Soviet Crimean Tatar journalist, playwright, and politician (1900–1938)

İlyas Ümer oğlu Tarhan (Илья́с Уме́рович Тарха́н; 1900 – 17 April 1938) was a Soviet Crimean Tatar journalist, playwright, and politician who served as Chairman of the Central Executive Committee of the Crimean ASSR from 1931 to 1937. He was also an editor of the Yaş Quvet newspaper and a member of the Union of Soviet Writers. Arrested during the Great Purge and charged with involvement in a Pan-Turkic counterrevolutionary organisation, he was executed in 1938 and rehabilitated in 1956.

== Early life and career ==
İlyas Ümer oğlu Tarhan was born in 1900 in the village of Körbekül (Izobilne), under the Russian Empire. His father was a landless farmer. From 1913 to 1917, he lived in the city of Kazan, studying at a Tatar school in the city. He graduated from the Zincirli Madrasa, and joined the Russian Communist Party (Bolshevik) in 1919. During the Russian Civil War, he was involved in partisan activities against the White movement in South Russia before supporting the communist underground in Turkey and being arrested. Afterwards, Tarhan returned to Crimea and joined the Komsomol, becoming its leader in Crimea.

== Career ==
From 1921 to 1925, Tarhan worked as the editor of the youth newspaper Yaş Quvet (lit. 'Young Power'). Afterwards, he began working as a member of the Communist Party in Sudak and Bakhchysarai. In this capacity, he participated in the persecution of both Veli İbraimov, Chairman of the Central Executive Committee of the Crimean ASSR, and Mamut Nadim, People's Commissar for Education.

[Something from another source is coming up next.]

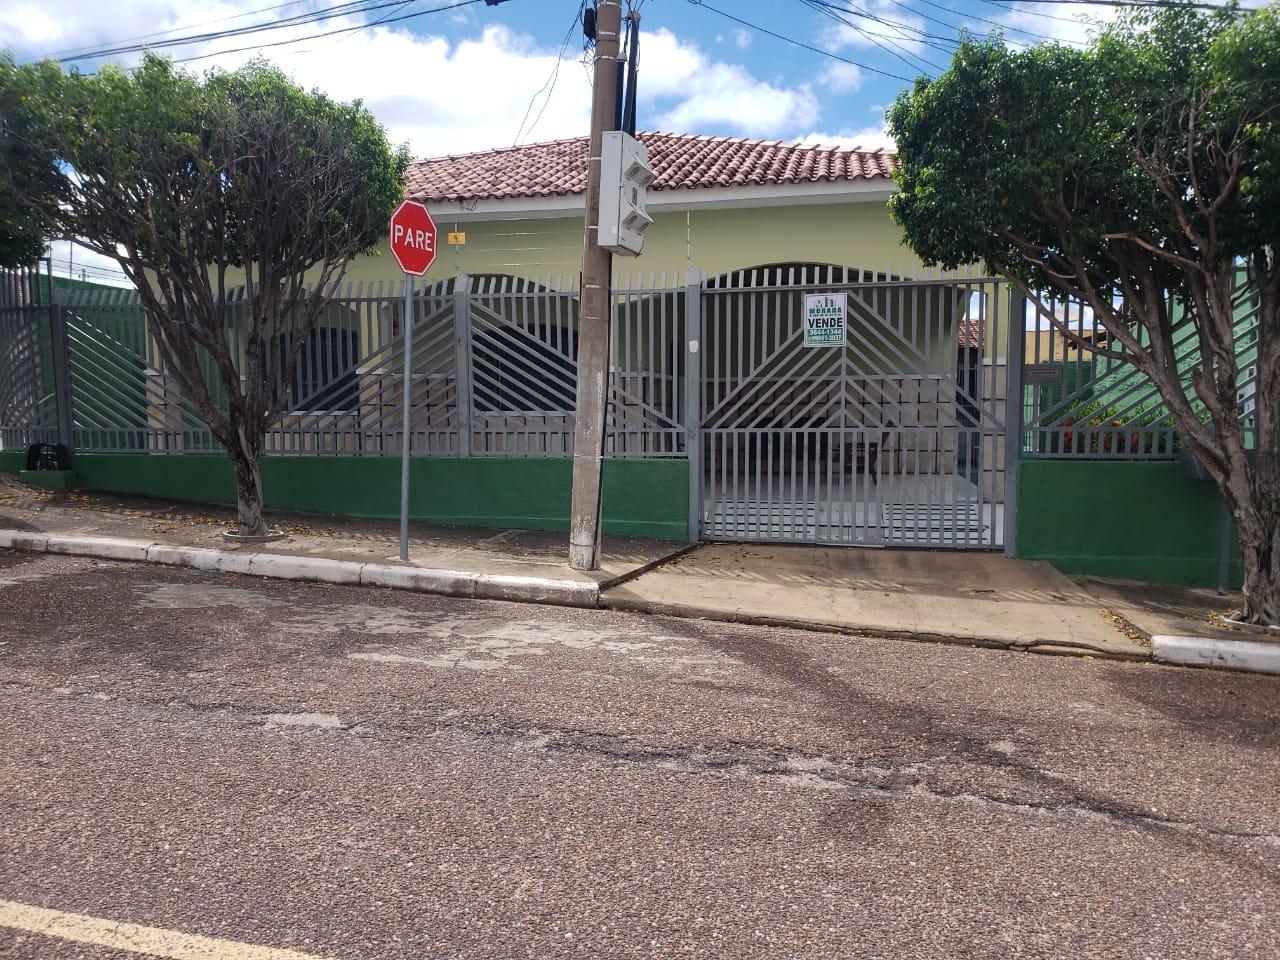 Casa  com 3 quartos sendo 1 Suíte no Cpa 1, Cuiabá  - MT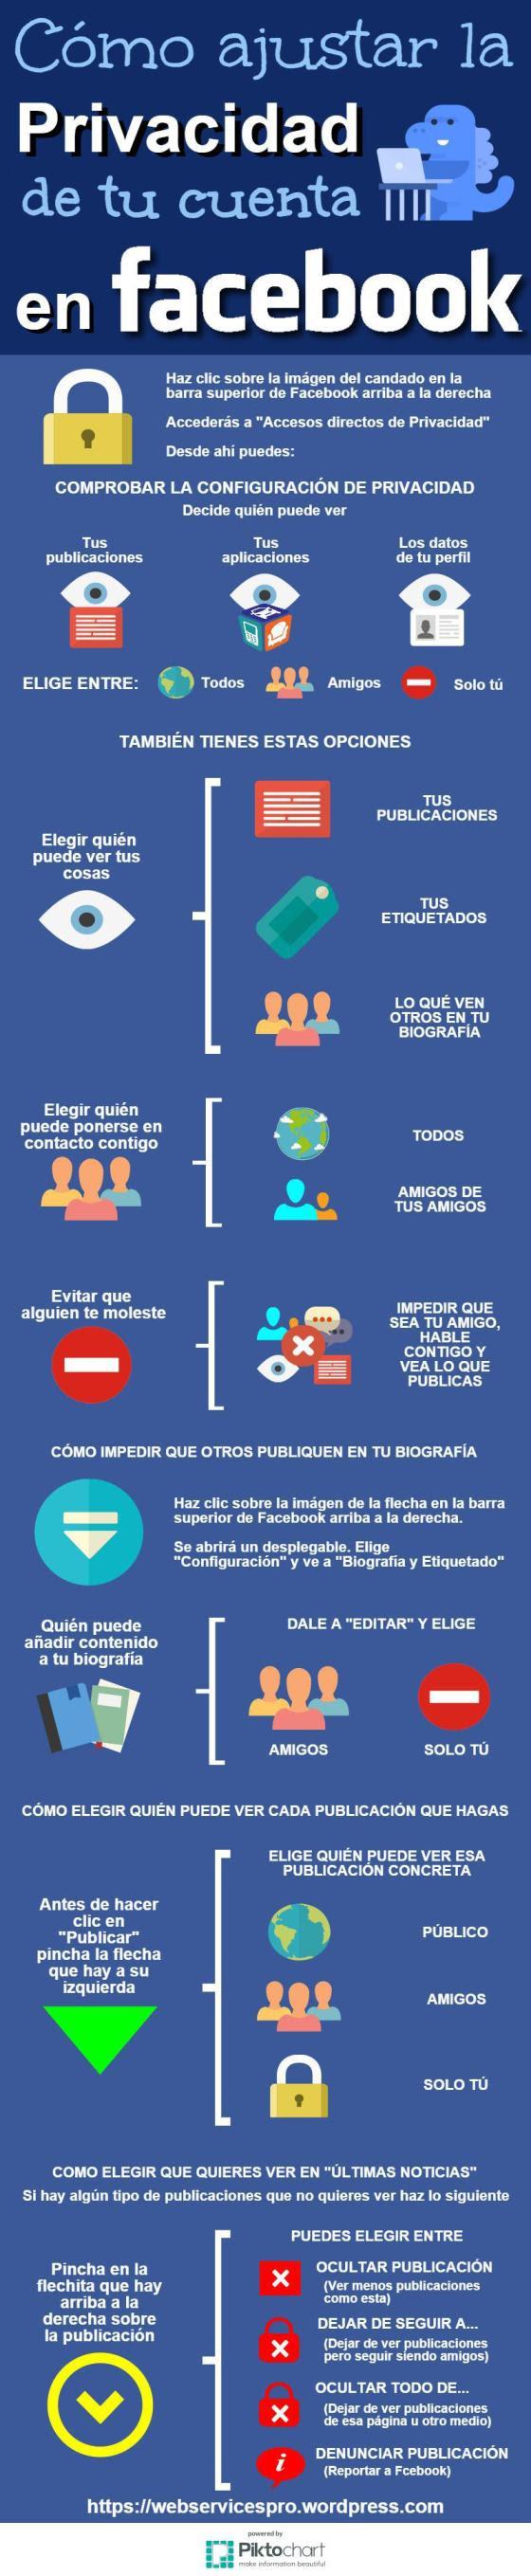 Cómo ajustar la privacidad de tu cuenta en Facebook

On 20 February 1931, Tarhan became Chairman of the Central Executive Committee of the Crimean ASSR. Alongside his political career, he worked as a playwright, with Ucüm (lit. 'Attack') and Moskva ayta (lit. 'Moscow Speaks') premiering at cities across the Soviet Union in 1932 and 1934, respectively. On his initiative, the Crimean State Tatar Drama Theatre began construction in 1933. In 1934, he joined the Union of Soviet Writers, also becoming head of the Union of Crimean Writers. He also briefly worked as editor of the Crimean Tatar magazine of the regional committee, Bolşevik Yölu (lit. 'Bolshevik Way').

== Execution ==
On 8 September 1937, Tarhan was arrested and charged with leading an anti-Soviet pan-Turkic organisation, along with Abduraim Samedinov and Bilâl Çagar. The arrests of Tarhan, Samedinov, and Çagar served as a basis for an anti-Crimean Tatar campaign as part of the Great Purge. On 17 April 1938, during a court session, he retracted previous coerced concessions and pled not guilty. That day, he was sentenced to death, and executed the same day. Following his death, his property was confiscated by the Soviet government.

On 24 November 1956, Tarhan was posthumously rehabilitated by the Soviet government, with the statement on his rehabilitation reading, "Within the Crimean NKVD, where the investigation into the Tarhan case was conducted, from 1937 to 1938 unreasonable arrests, beatings of those arrested, falsification of investigative materials, and other gross violations of the law were allowed."